Work required: Below are entries. Copy exactly the lines running from the line that holds "Pink Grey Gray" to the line that holds "Mariah Carey Wallpaper WallDevil", with both ends included.

---------- Study material

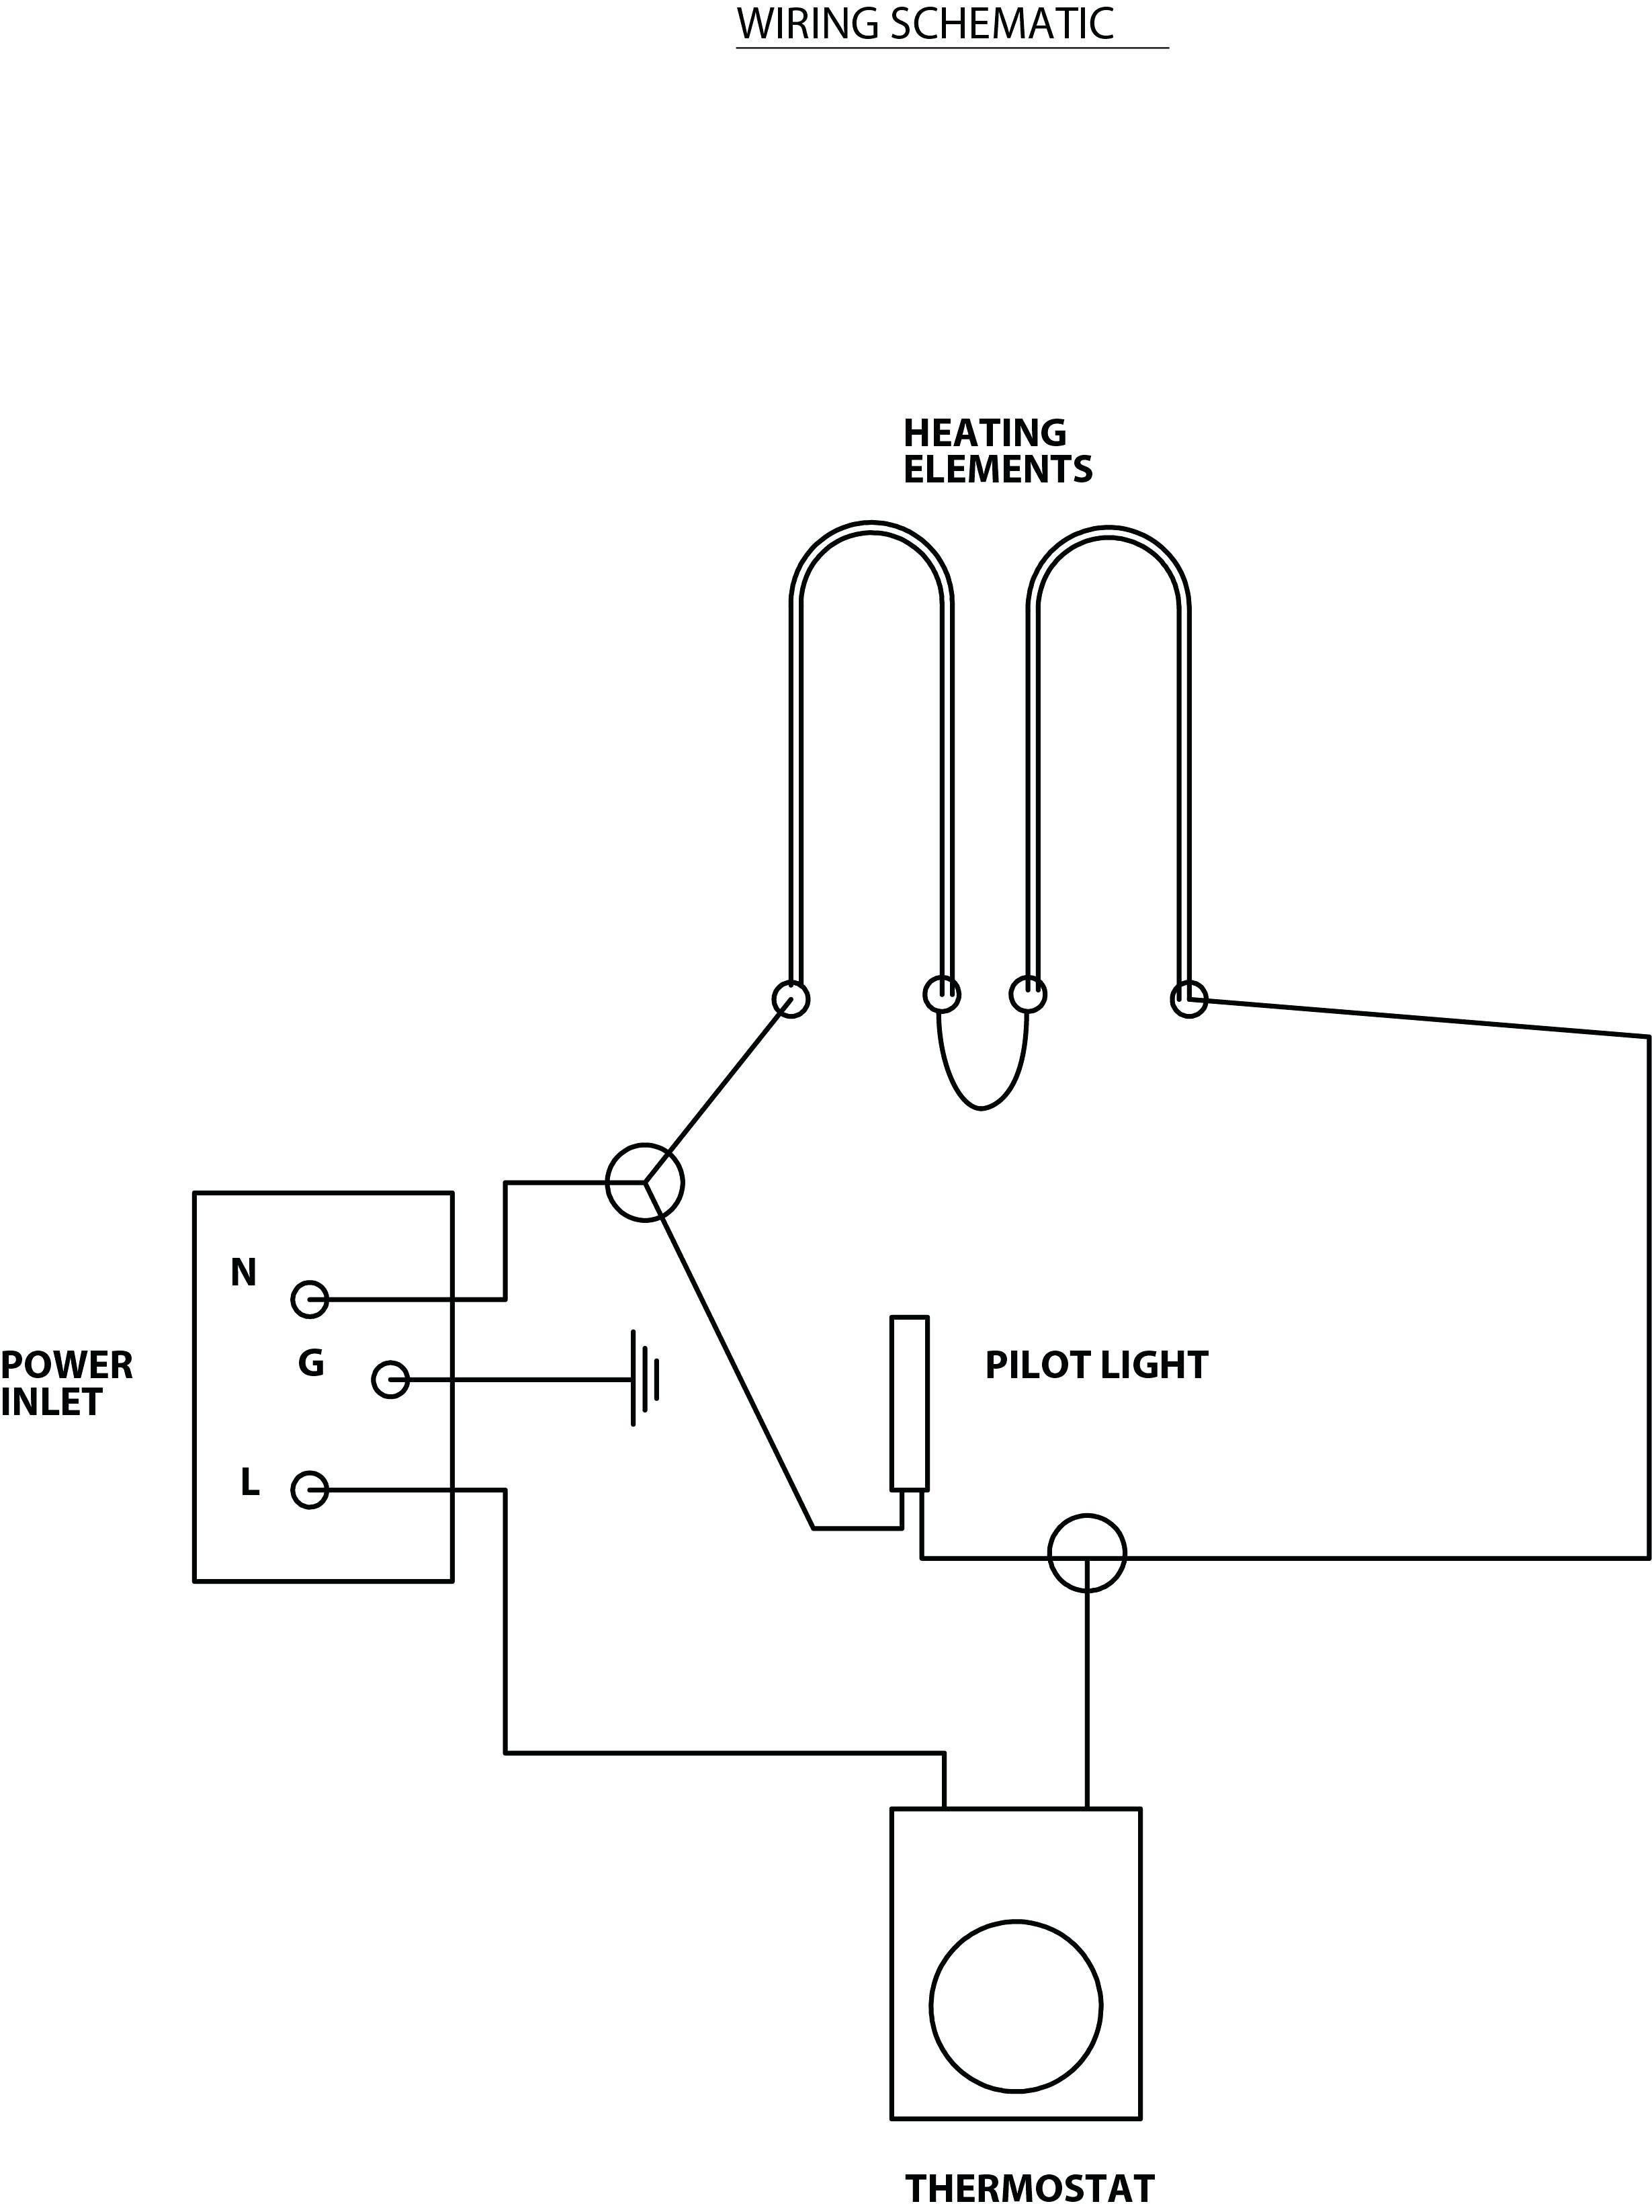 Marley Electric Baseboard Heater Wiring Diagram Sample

--------------------
---------- Study material

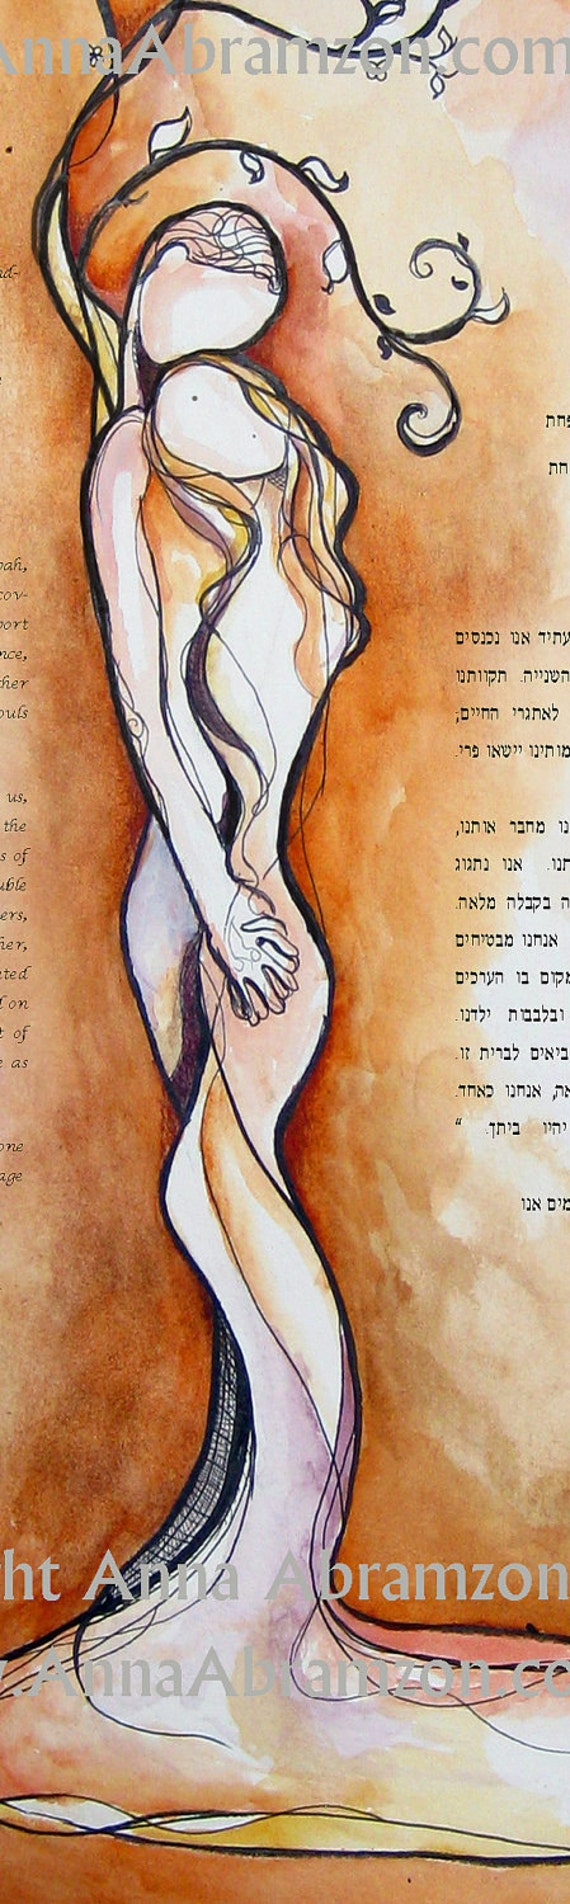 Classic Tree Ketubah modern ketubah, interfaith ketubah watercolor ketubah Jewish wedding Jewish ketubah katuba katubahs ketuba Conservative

--------------------
---------- Study material

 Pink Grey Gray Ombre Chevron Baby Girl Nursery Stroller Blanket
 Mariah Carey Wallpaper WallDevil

--------------------

Answer:
 Pink Grey Gray Ombre Chevron Baby Girl Nursery Stroller Blanket
 Mariah Carey Wallpaper WallDevil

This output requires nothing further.